▶ [WORK ORDER]
Starting at the line below with "JANE RUSSELL" and stopping at the line with "For More Information", please print each line exactly, those two included, and skip every picture.

▶ [EXERCISE INPUT]
_ _ _

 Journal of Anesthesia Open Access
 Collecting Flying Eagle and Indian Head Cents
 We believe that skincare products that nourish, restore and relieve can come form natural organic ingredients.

_ _ _

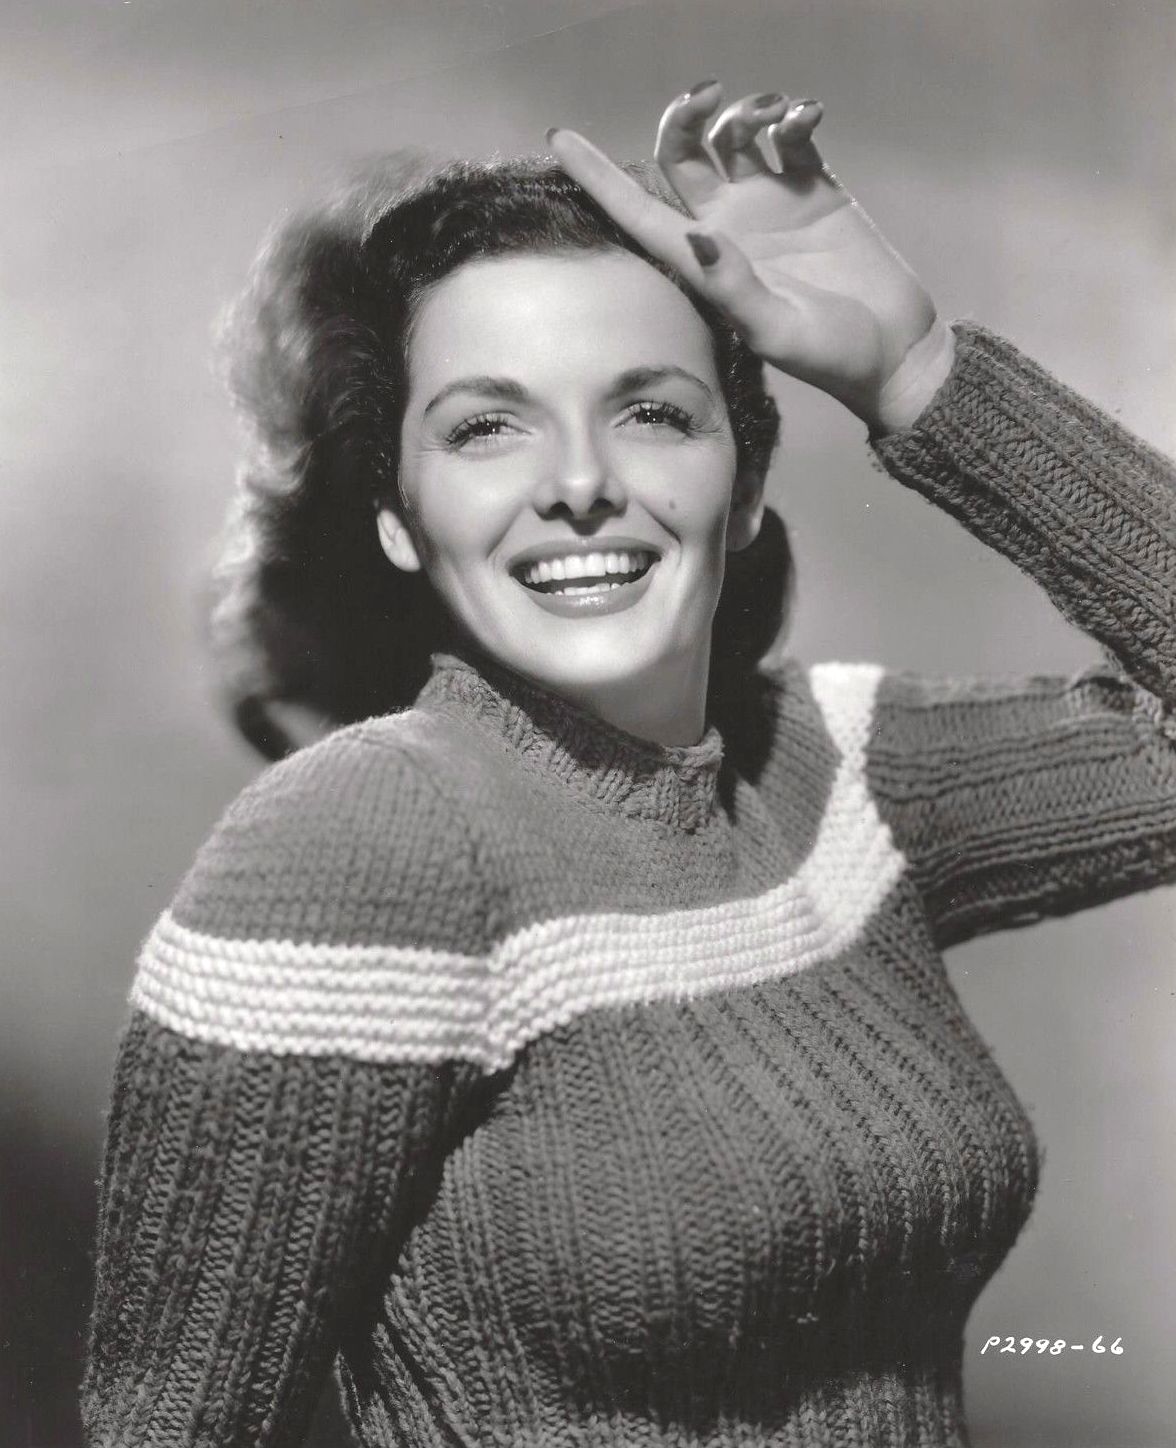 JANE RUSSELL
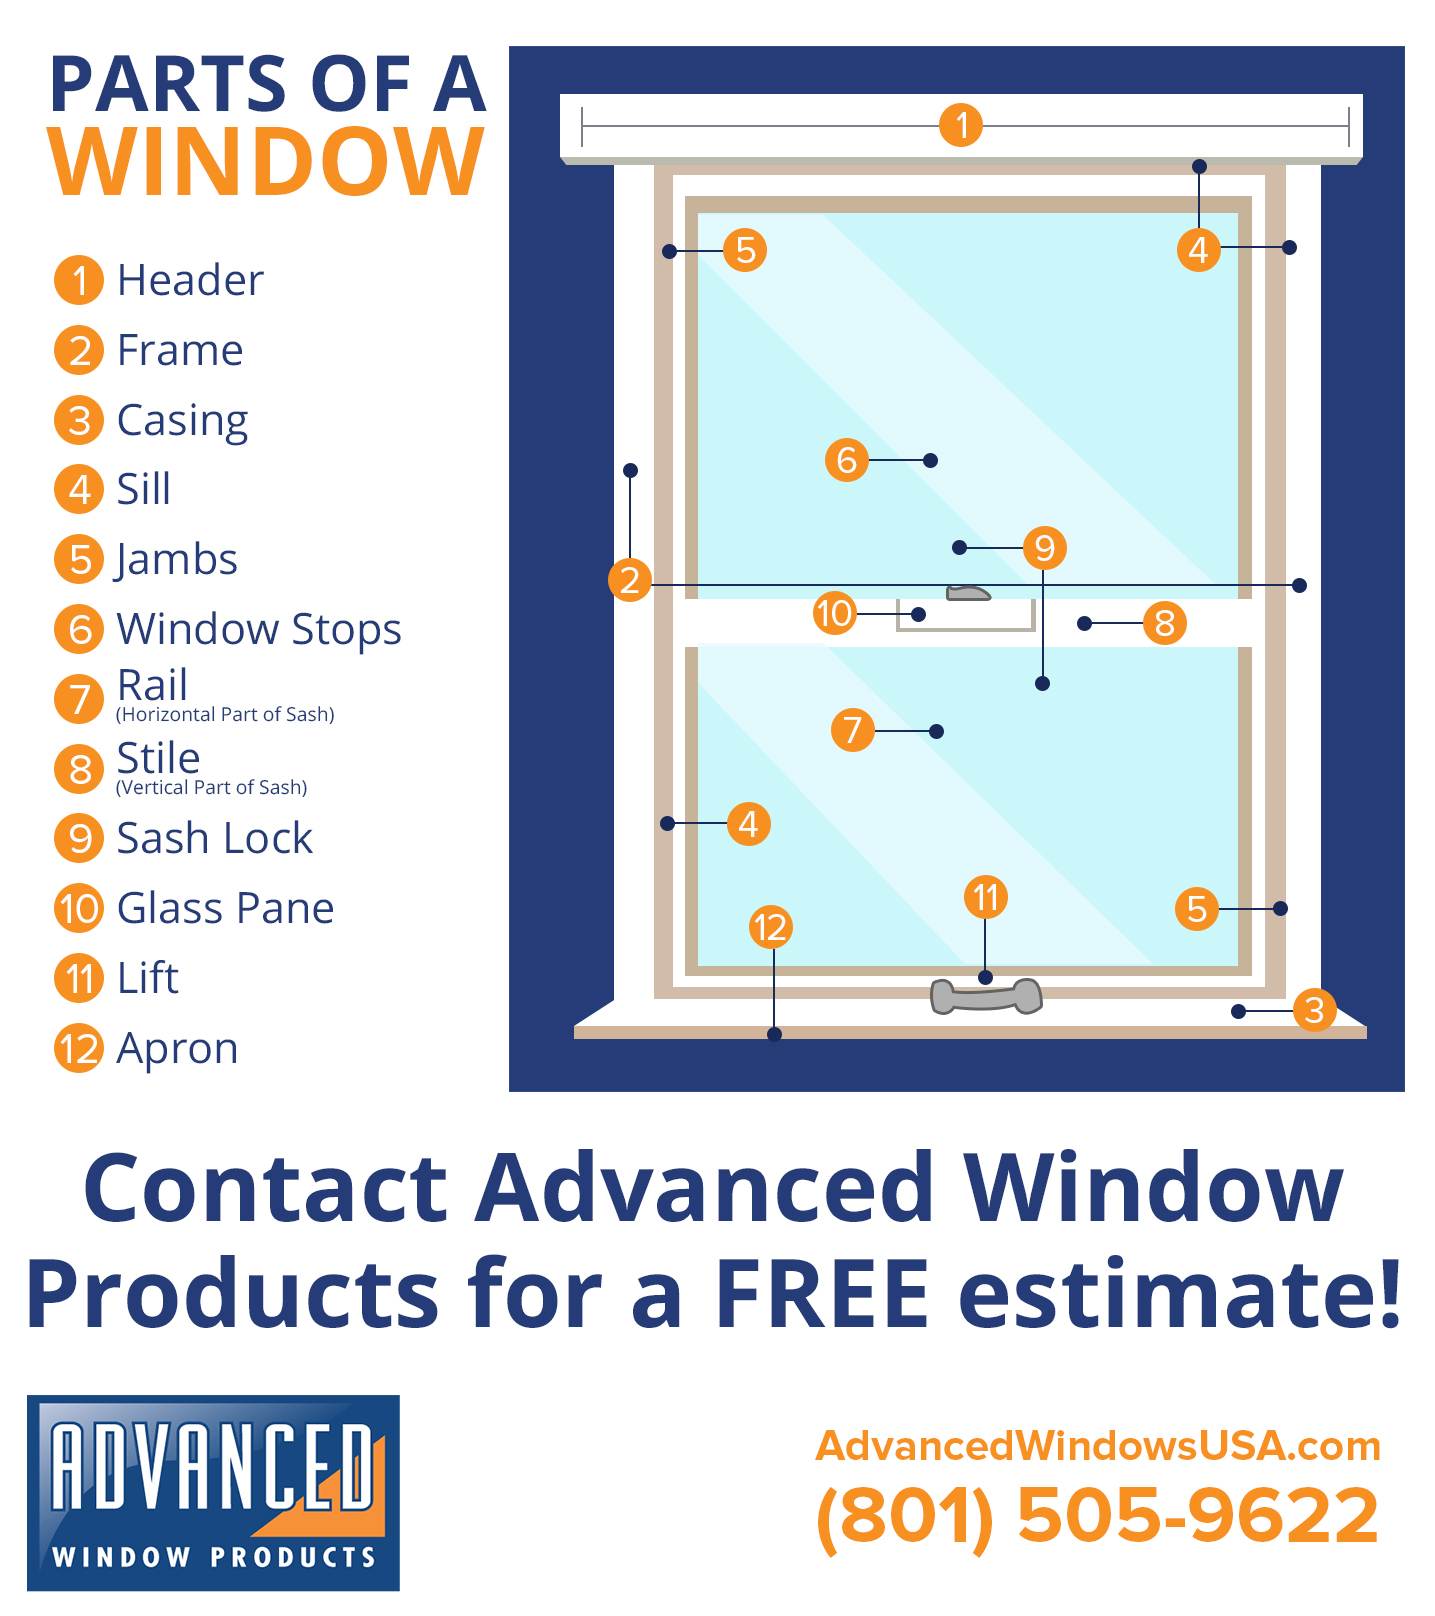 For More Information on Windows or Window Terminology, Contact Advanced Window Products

_ _ _

▶ [ANSWER FOR THIS EXERCISE]
 JANE RUSSELL
 For More Information on Windows or Window Terminology, Contact Advanced Window Products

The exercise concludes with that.